## [WHAT IS REQUIRED]
From the line with "Casino Admiral Czech" down to the final line of the material, please transcribe everything exactly, but leave the pictures out.

----- AVAILABLE DATA -----

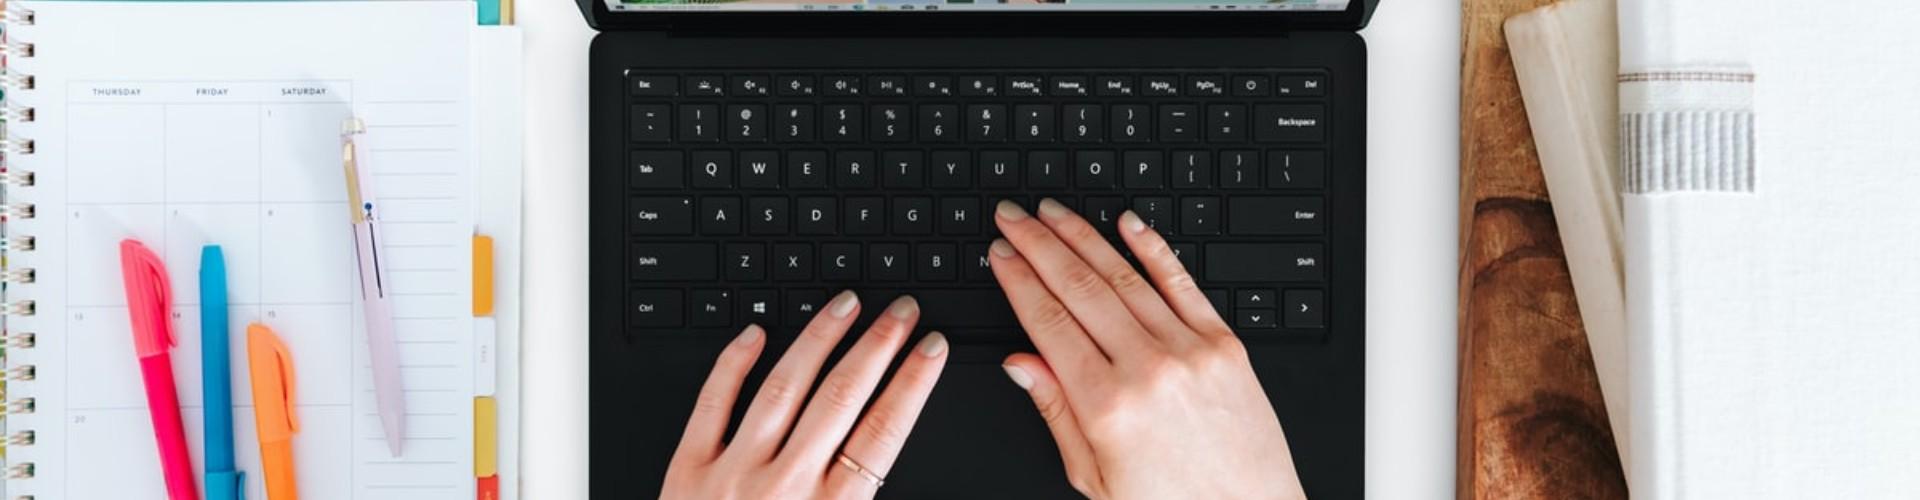 ¿Cómo Escribir el Email para Enviar tu CV?
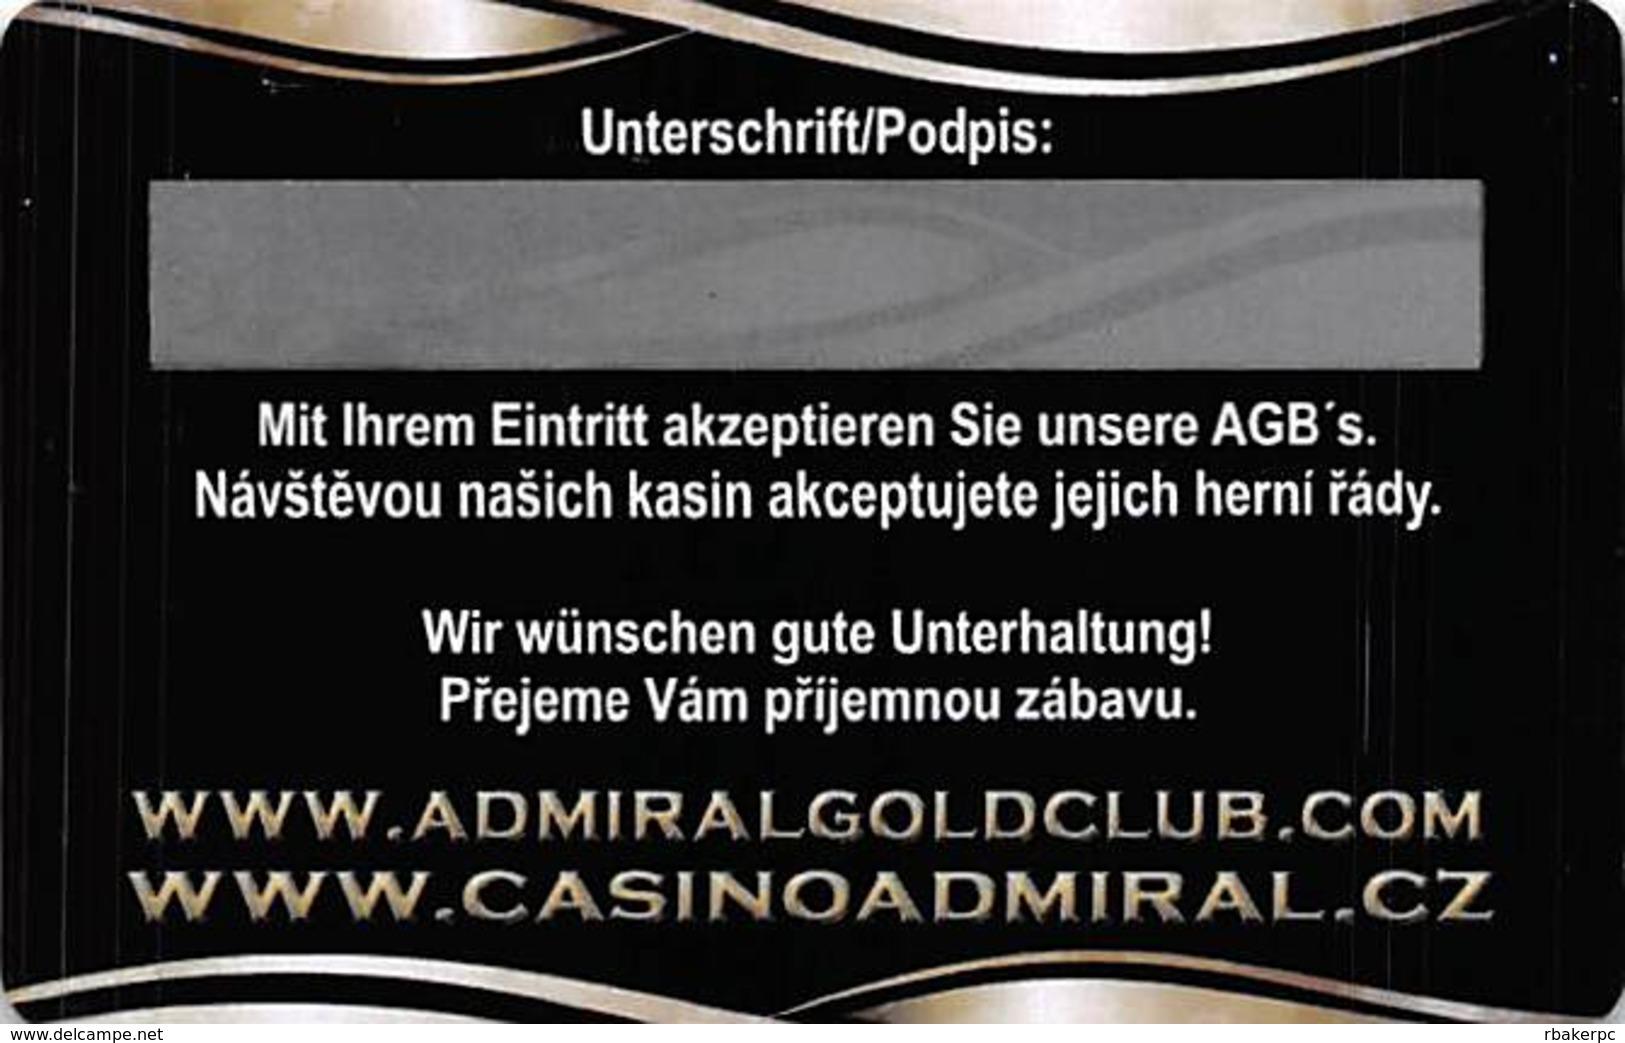 Casino Admiral Czech Republic - Slot Card   .....[FSC]..... - Casino Cards
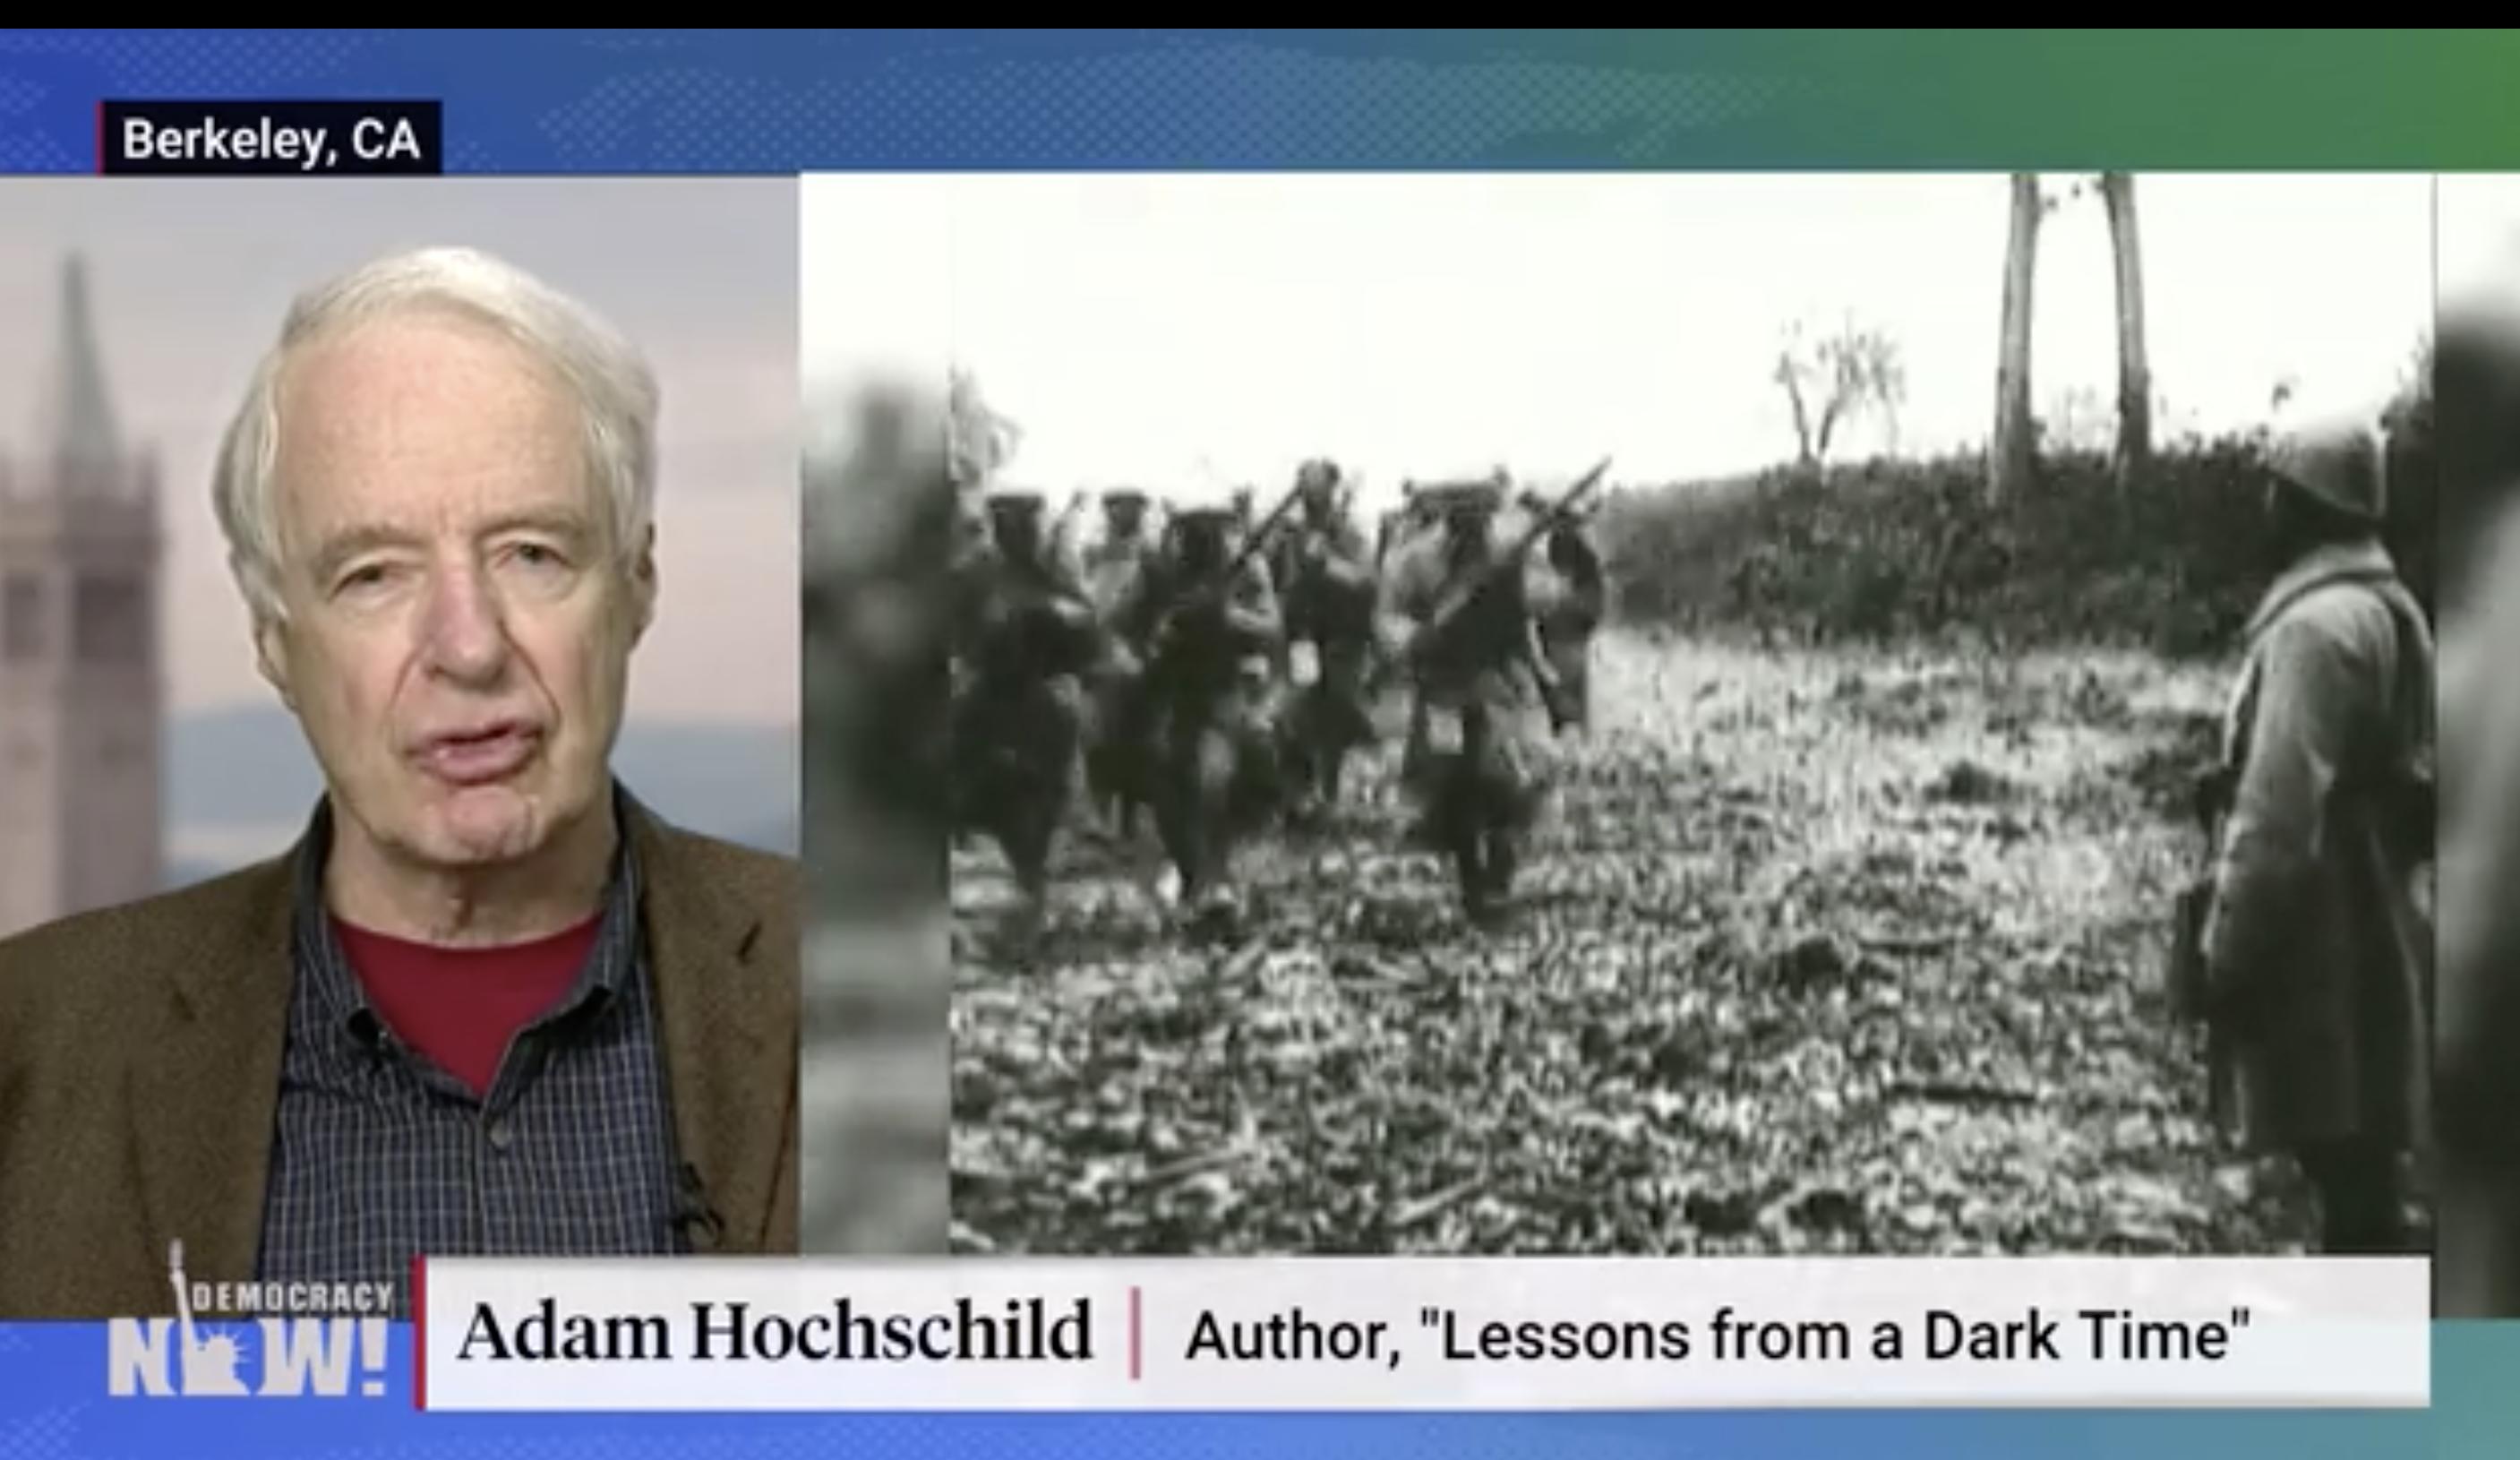 Adam Hochschild on Democracy Now

-----

## [RESULT OF THIS EXERCISE]
 Casino Admiral Czech Republic - Slot Card   .....[FSC]..... - Casino Cards
 Adam Hochschild on Democracy Now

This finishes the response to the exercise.